Triple-charm molecular states composed of $D^*D^*D$ and $D^*D^*D^*$

TL;DR

This paper predicts the existence of triple-charm molecular states composed of D and D* mesons using a three-body Schrödinger equation approach, inspired by the T_cc+ observation, and suggests they could be detected at LHC.

Contribution

It systematically investigates triple-charm molecular states with a detailed three-body analysis, including interactions, mixing, and coupled channels, providing new predictions for bound states.

Findings

Bound states for specific isospin and spin-parity configurations are predicted.

Calculated binding energies and radii support the molecular interpretation.

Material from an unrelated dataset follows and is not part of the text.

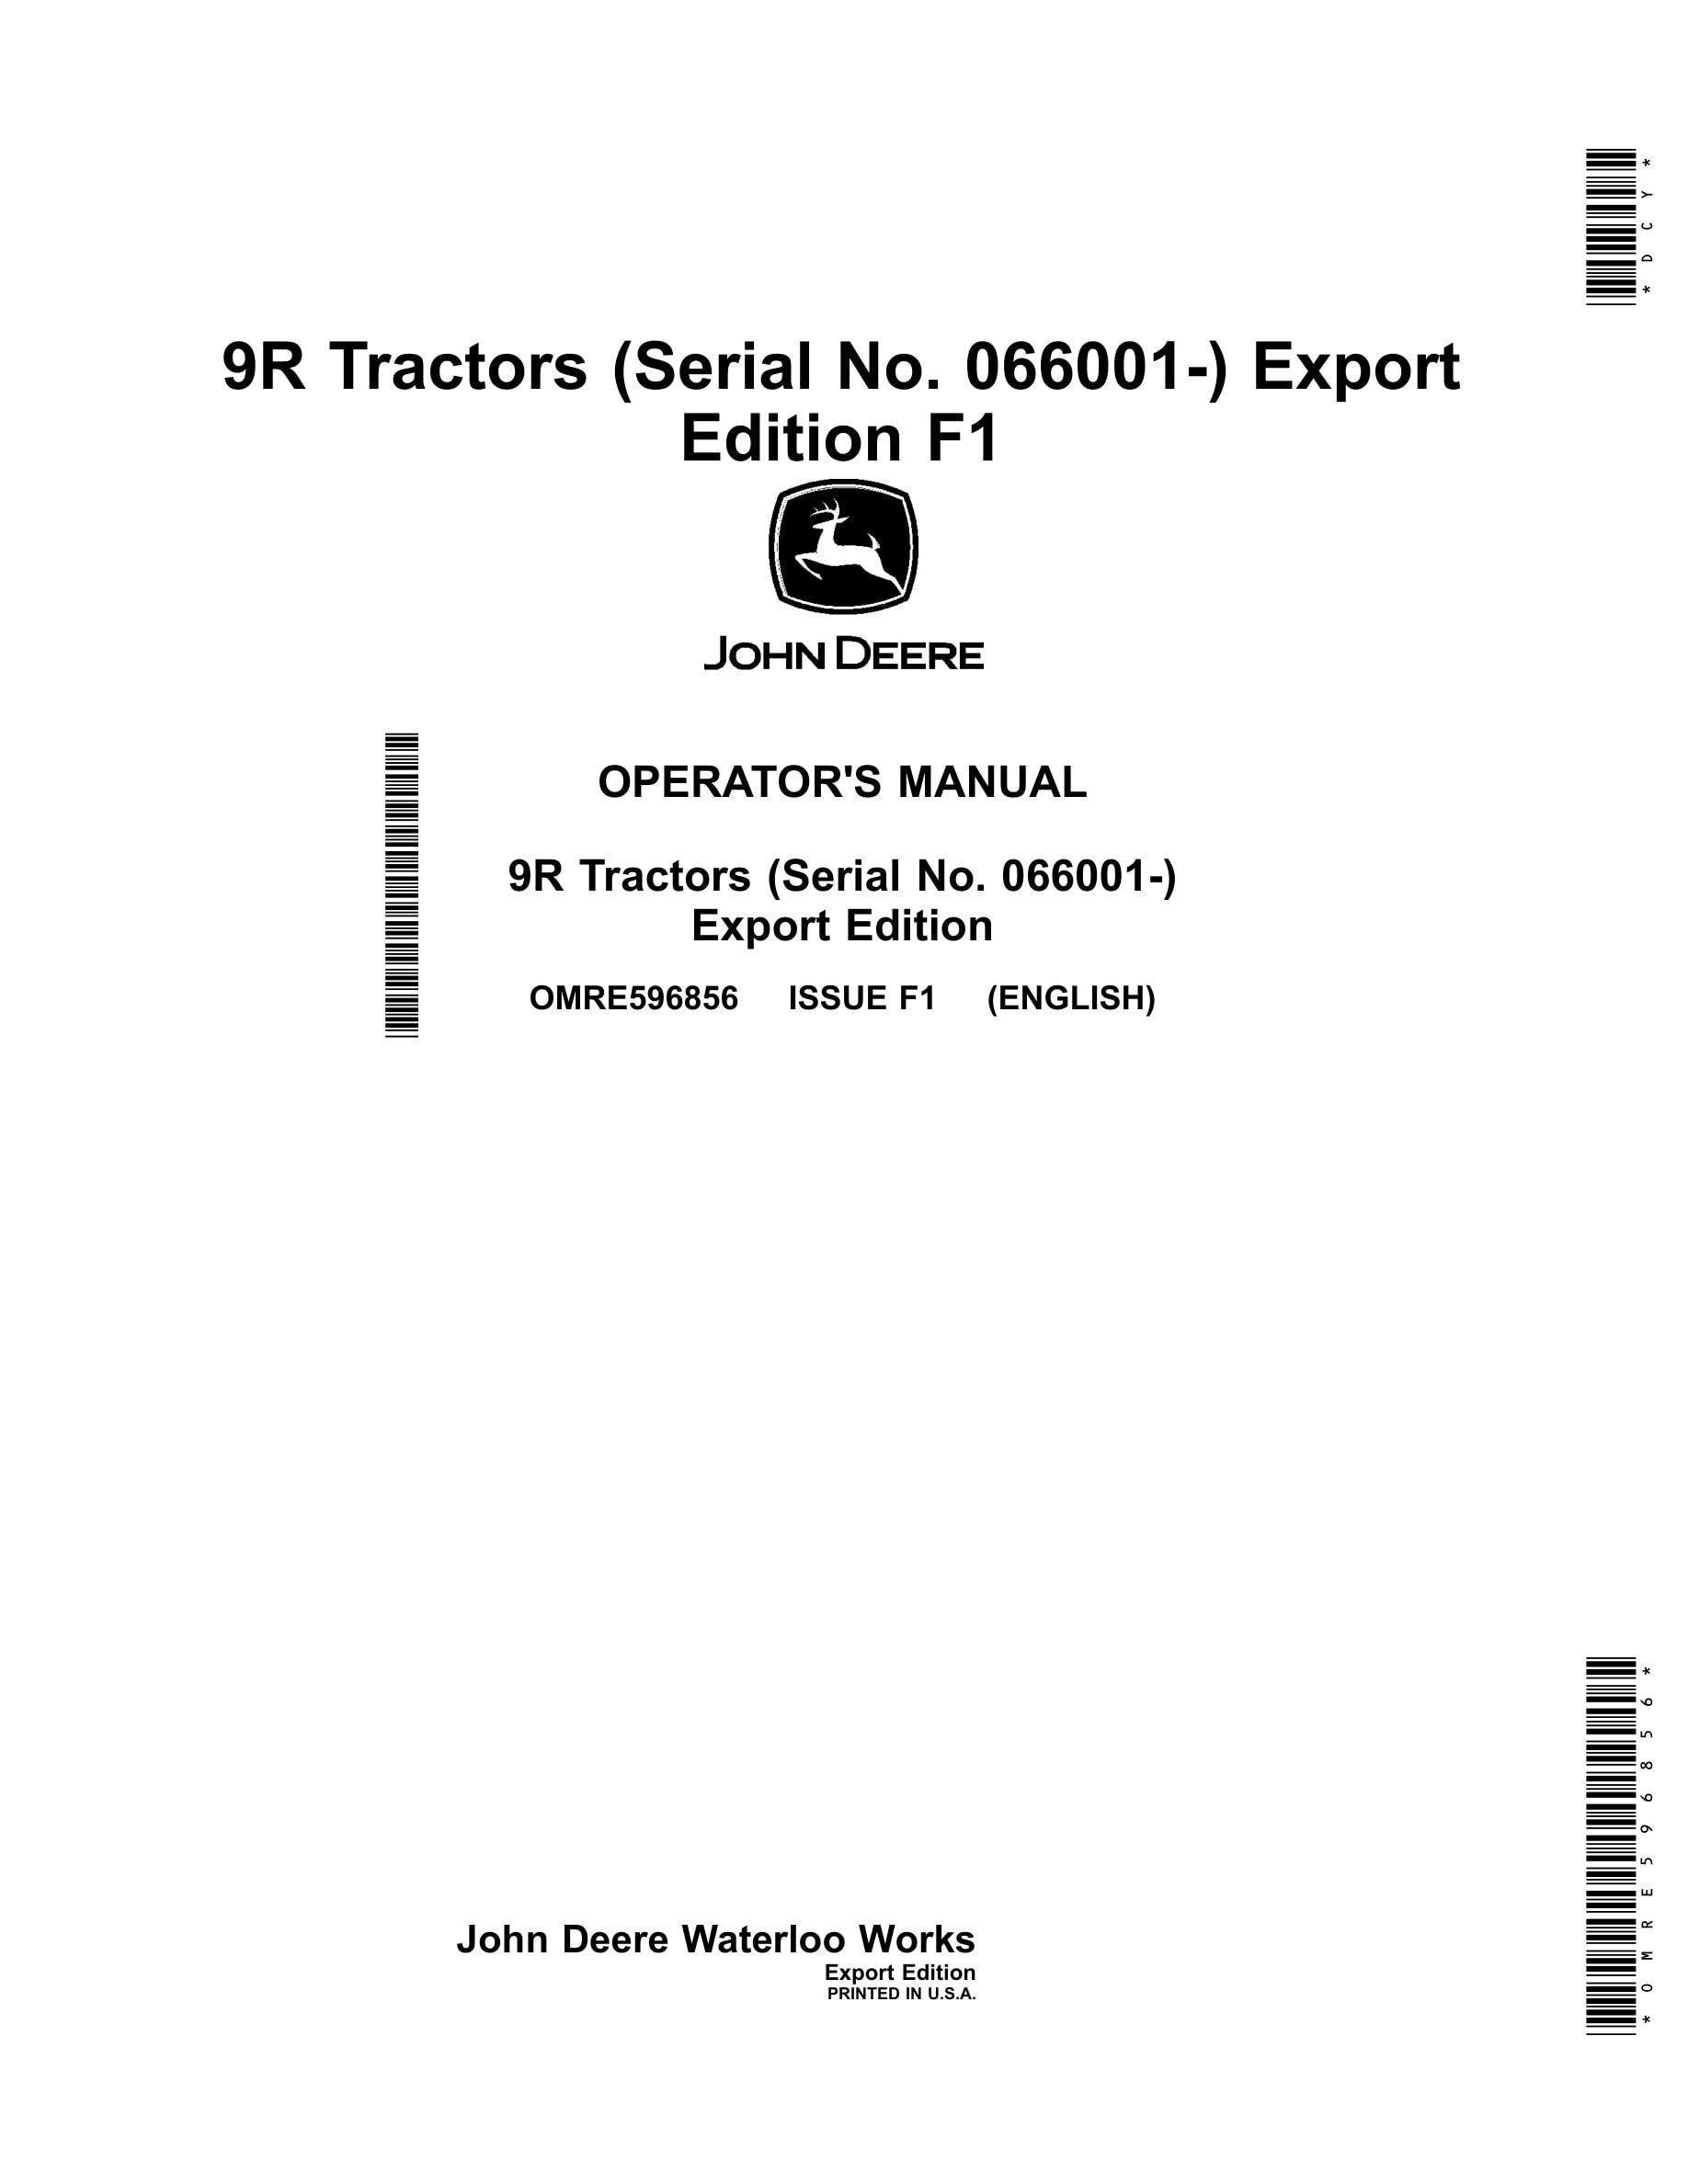 John Deere 9r Tractors Operator Manuals OMRE596856-1

Predictions are testable at current high-energy physics experiments.

Abstract

Inspired by the newly observed $T_{cc}^+$ state, we systematically investigate the $S$-wave triple-charm molecular states composed of $D^*D^*D$ and $D^*D^*D^*$. We employ the one-boson-exchange model to derive the interactions between $D(D^*)$ and $D^*$ and solve the three-body Schr\"odinger equations with the Gaussian expansion method. The $S$-$D$ mixing and coupled channel effects are carefully assessed in our study. Our results show that the $I(J^P)=\frac{1}{2}(0^-,1^-,2^-)$ $D^*D^*D$ and $I(J^P)=\frac{1}{2}(0^-,1^-,2^-,3^-)$ $D^*D^*D^*$ systems could form bound states, which can be viewed as three-body hadronic molecules. We present not only the binding energies of the three-body bound states, but also the root-mean-square radii of $D $-$D^*$ and $D^*$-$D^*$, which further corroborate the molecular nature of these states. These predictions could be tested in the future at LHC or HL-LHC.